Referring to FIG. 7D, by comparing the signal power Ps with the noise power Pn, an active/non-active voice period can be correctly determined regardless of a signal level or noise. For example, if the signal power Ps is greater than the noise power Pn, a corresponding frame is set to an active/non-active voice determination value corresponding to an active voice period, e.g., “1”. Otherwise, if the signal power Ps is less than the noise power Pn, the frame is set to an active/non-active voice determination value corresponding to a non-active voice period, e.g., “0”.
FIGS. 8A and 8B are graphs illustrating examples of filtering of active/non-active voice determination values.
Referring to FIG. 8A, consecutive periods between frames in which voice activity changes, e.g., “active voice”, “non-active voice”, “active voice”, may be determined incorrectly in terms of being an active/non-active voice period.
Thus, by smoothing “active voice”, “non-active voice”, and “active voice” respectively into “active voice”, “active voice”, and “active voice” using a median filter, the probability of a wrong active/non-active voice determination caused by noise can be reduced, as illustrated in FIG. 8B.

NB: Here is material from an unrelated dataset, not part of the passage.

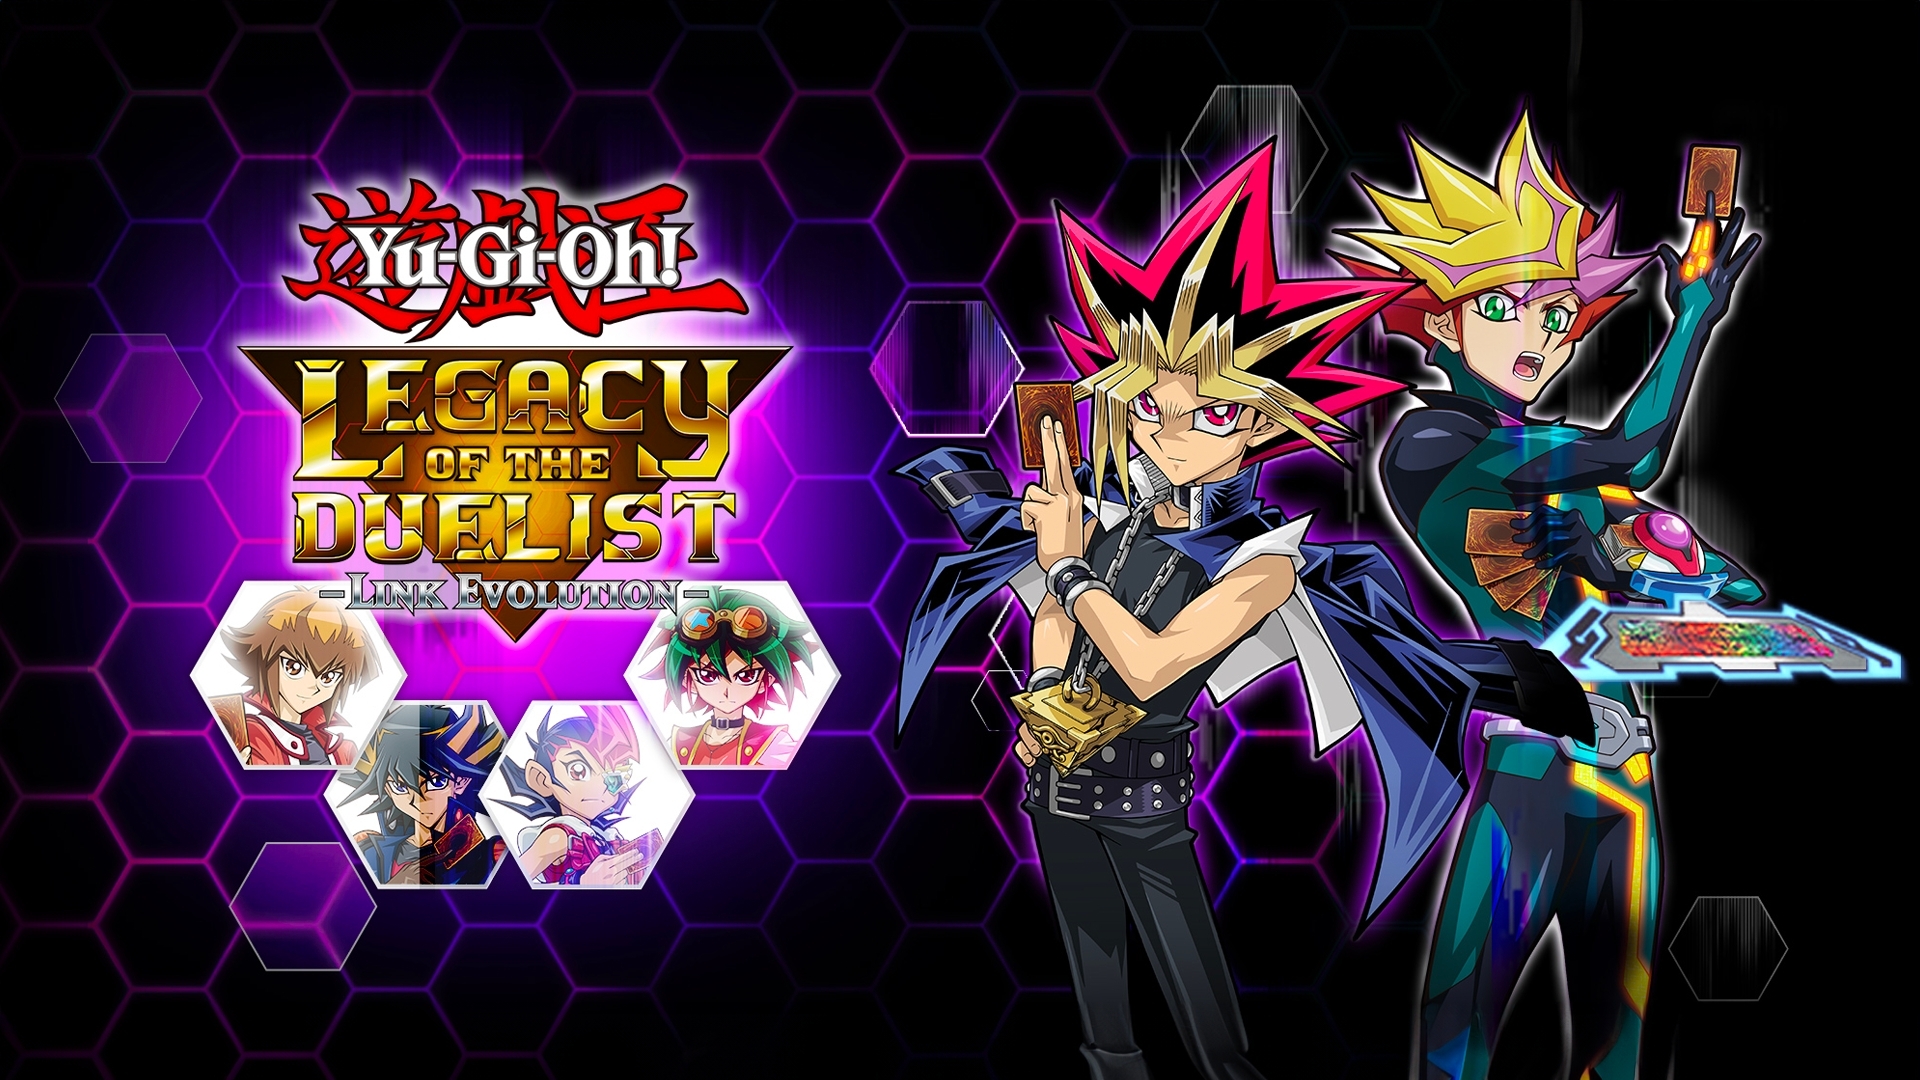 yu-gi-oh-legacy-of-the-duelist-link-evolution-cover.jpg

As described above, according to the present general inventive concept, an active/non-active voice period can be determined simply by calculating a power of a frame, thereby reducing the amount of calculations and improving the accuracy of an active/non-active voice determination.
Moreover, by comparing a signal power prediction value with a noise power prediction value, an active/non-active voice period can be effectively determined with a low-level signal.
The present general inventive concept can also be embodied as computer-readable codes on a computer-readable medium. The computer-readable medium can include a computer-readable recording medium and a computer-readable transmission medium. The computer-readable recording medium is any data storage device that can store data which can be thereafter read by a computer system. Examples of computer-readable recording media include read-only memory (ROM), random-access memory (RAM), CD-ROMs, magnetic tapes, floppy disks, optical data storage devices. The computer-readable recording medium can also be distributed over a network of coupled computer systems so that the computer-readable code is stored and executed in a decentralized fashion. The computer-readable transmission medium can transmit carrier waves and signals (e.g., wired or wireless data transmission through the Internet). Also, functional programs, codes, and code segments to accomplish the present general inventive concept can be easily construed by programmers skilled in the art to which the present general inventive concept pertains.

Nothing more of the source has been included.